Feature selection and dimensionality reduction

Several tools provide options for feature selection by choosing highly variable genes (HVGs), and dimensionality reduction through either principal component analysis (PCA) for expression data, or latent semantic indexing (LSI) for peak data. These options speed up calculations and reduce noise by reducing the amount of data the tools use.

Highly variable genes (HVGs)

Not all genes are equally informative when clustering or visualizing cells. For example, housekeeping genes, whose expression levels are approximately constant across different cell types, are not informative for distinguishing between cell types. It is therefore often possible to get qualitatively the same results from an analysis by only using genes whose expression levels are highly variable across cells.

In order to use HVGs, data must first have been normalized by Normalize Single Cell Data. Use highly variable genes is not selected by default, but may be appropriate when speed is a priority, or when results using all genes appear unsatisfactory. The Number of highly variable genes to use must be specified. Values in the range $ 1000$-$ 5000$ are typically sufficient to capture most variation from most data sets. Setting this value too low may exclude genes that are weakly informative, such as those that have small fold changes in rare cell types.

Highly variable peaks HVGs can only be used for expression data, and not for peak data. The only exception to this is when a tool works with expression and peak data simultaneously, and where no dimensionality reduction is applied. In this case, which is not recommended, the same number of peaks as HVGs are chosen at random to be "highly variable peaks".

When a tool is run, the log will contain estimates of the amount of signal and noise removed by choosing a certain number of HVGs (figure 11.1), which may help when choosing an appropriate value.

Image hvglog
Figure 11.1: An example of information provided in a tool log. Here, using $ 1000$ HVGs reduced the total amount of variation in the data. However, the majority of the removed variation was estimated to be noise ($ 75.1\%$ of the original variation) and only a small amount of signal was lost ( $ 16.7-15.8=0.9\%$ of the original variation). For more details on variation estimates, see Calculation of estimated biological variation.

Genes are selected to be HVGs according to the variance of their normalized values, from highest variance to lowest variance. Genes with variance $ \leq1$ are never selected, as this is consistent with random noise - this means that the number of HVGs used in an analysis may be lower than the number specified.

Note that using HVGs in one part of an analysis does not limit the number of genes available in downstream steps. For example, after constructing a visualization with HVGs, it is still possible to visualize the expressions of all genes.

Dimensionality reduction by PCA or LSI

In most circumstances it is recommended to Use dimensionality reduction as it provides a substantial increase in speed without affecting accuracy. Exceptions might include analysis of targeted expression data, where the expression of only a few hundred genes is measured.

Dimensionality reduction is by PCA for expression data, and LSI for peak data, using $ k$ number of dimensions as set in the Dimensions option. When both data types are present, $ k$ PCA components and $ k$ LSI components are used, and each cell is represented by 2 * $ k$ features.

Principal Component Analysis (PCA)

Principal Component Analysis (PCA) projects data into a lower dimensional space while preserving as much variation as possible.

Not all PCA dimensions are equal - the first dimension contains most of the variation and each subsequent dimension contains less of the variation than the previous one. For this reason, it often makes little difference to results whether $ k$ is set to $ 50$ or $ 500$, but large differences can be observed if too few PCA dimensions are used.
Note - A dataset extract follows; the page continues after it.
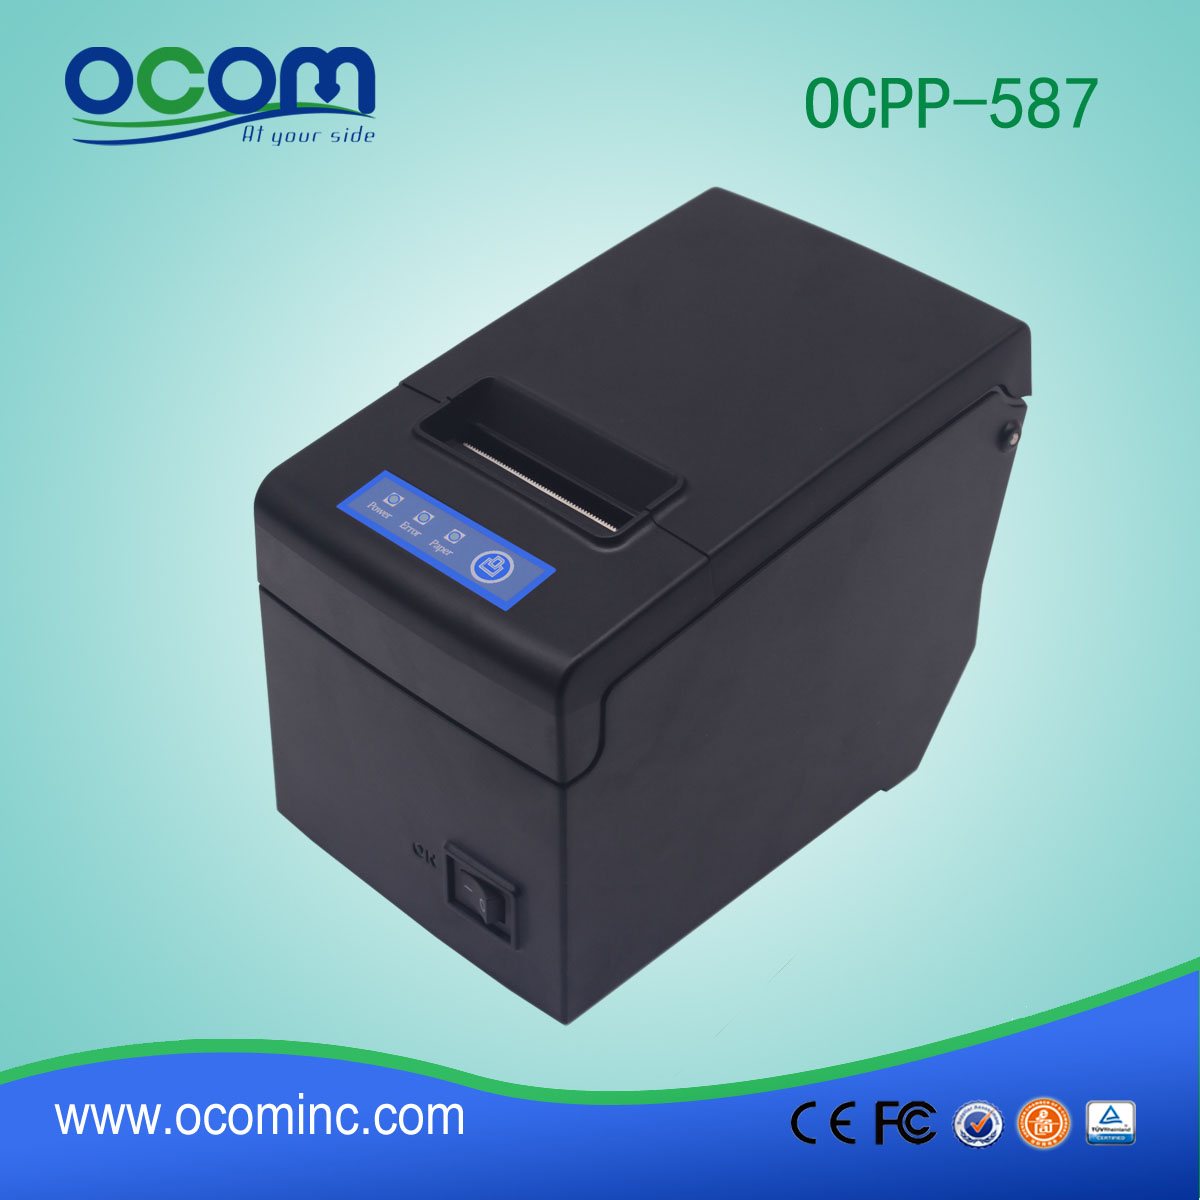 φτηνές 58 χιλιοστά θερμικό εκτυπωτή POS παραλαβή νομοσχέδιο με το μεγάλο κάτοχος χαρτί (OCPP-587)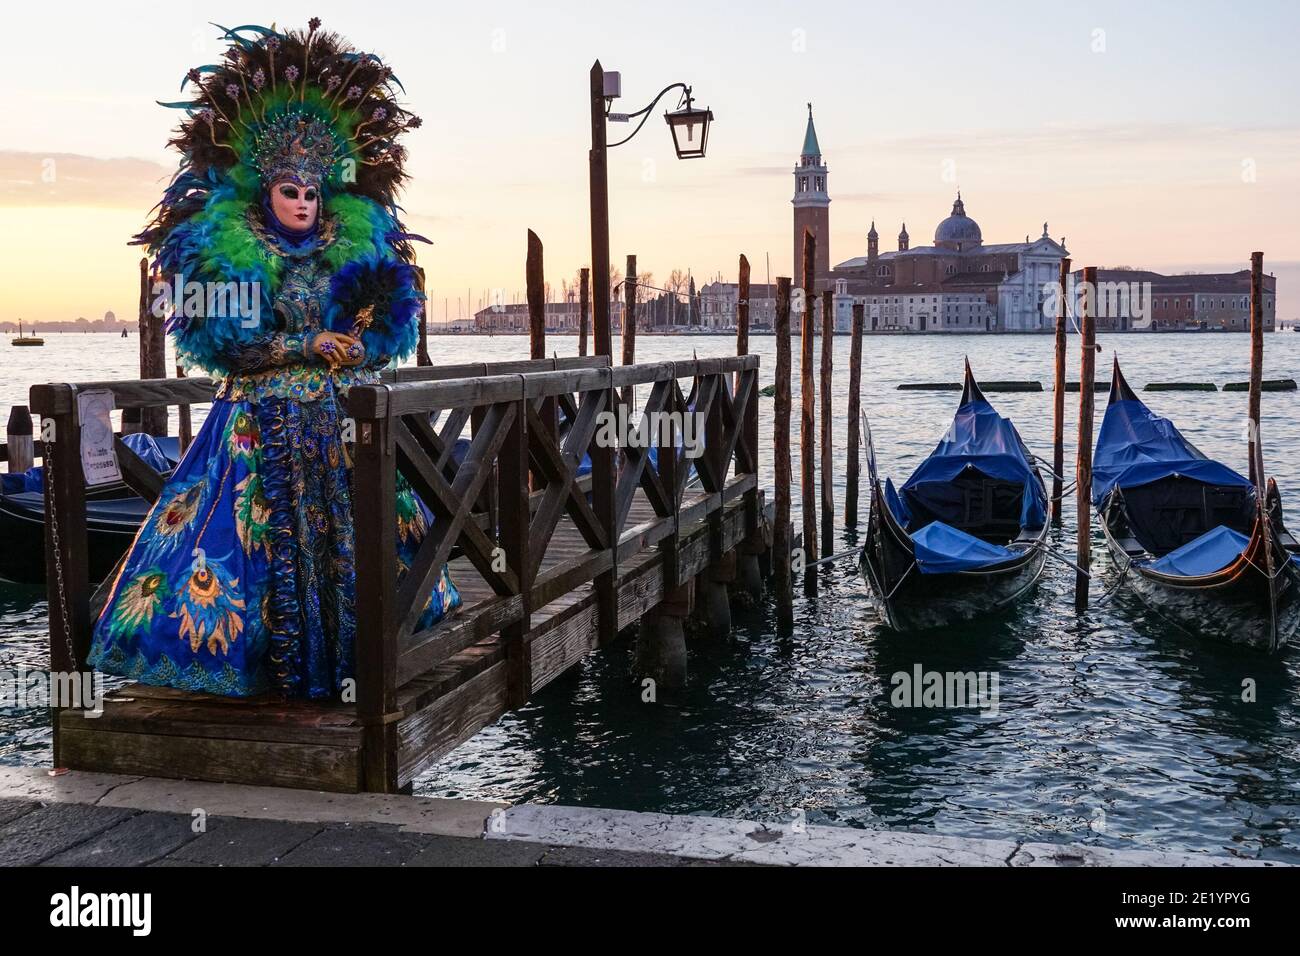 Donna vestita in costume tradizionale decorato e maschera dipinta durante il Carnevale di Venezia con alle spalle il Monastero di San Giorgio, Venezia, Italia Foto Stock

Values in the range $ 20$-$ 50$ are suitable for most applications. If the data has been normalized by Normalize Single Cell Data, the log will contain estimates of the amount of biological variation in the data, which can be compared to the amount of variation captured by the chosen number of PCA dimensions (figure 11.2). For details on how biological variation is estimated, see Calculation of estimated biological variation.

Image pcalog
Figure 11.2: An example of information provided in a tool log. Here, using $ 20$ PCA dimensions captured $ 16.0\%$ of variation in the data. This is comparable with the estimated amount of biological variation in the data.

PCA is performed using an implementation of Algorithm 971 [Li et al., 2017]. This is an extremely fast and accurate algorithm for finding the first PCA dimensions, but its accuracy decreases for higher dimensions. For this reason, it is advised to keep the number of PCA dimensions small compared to the number of expressed genes.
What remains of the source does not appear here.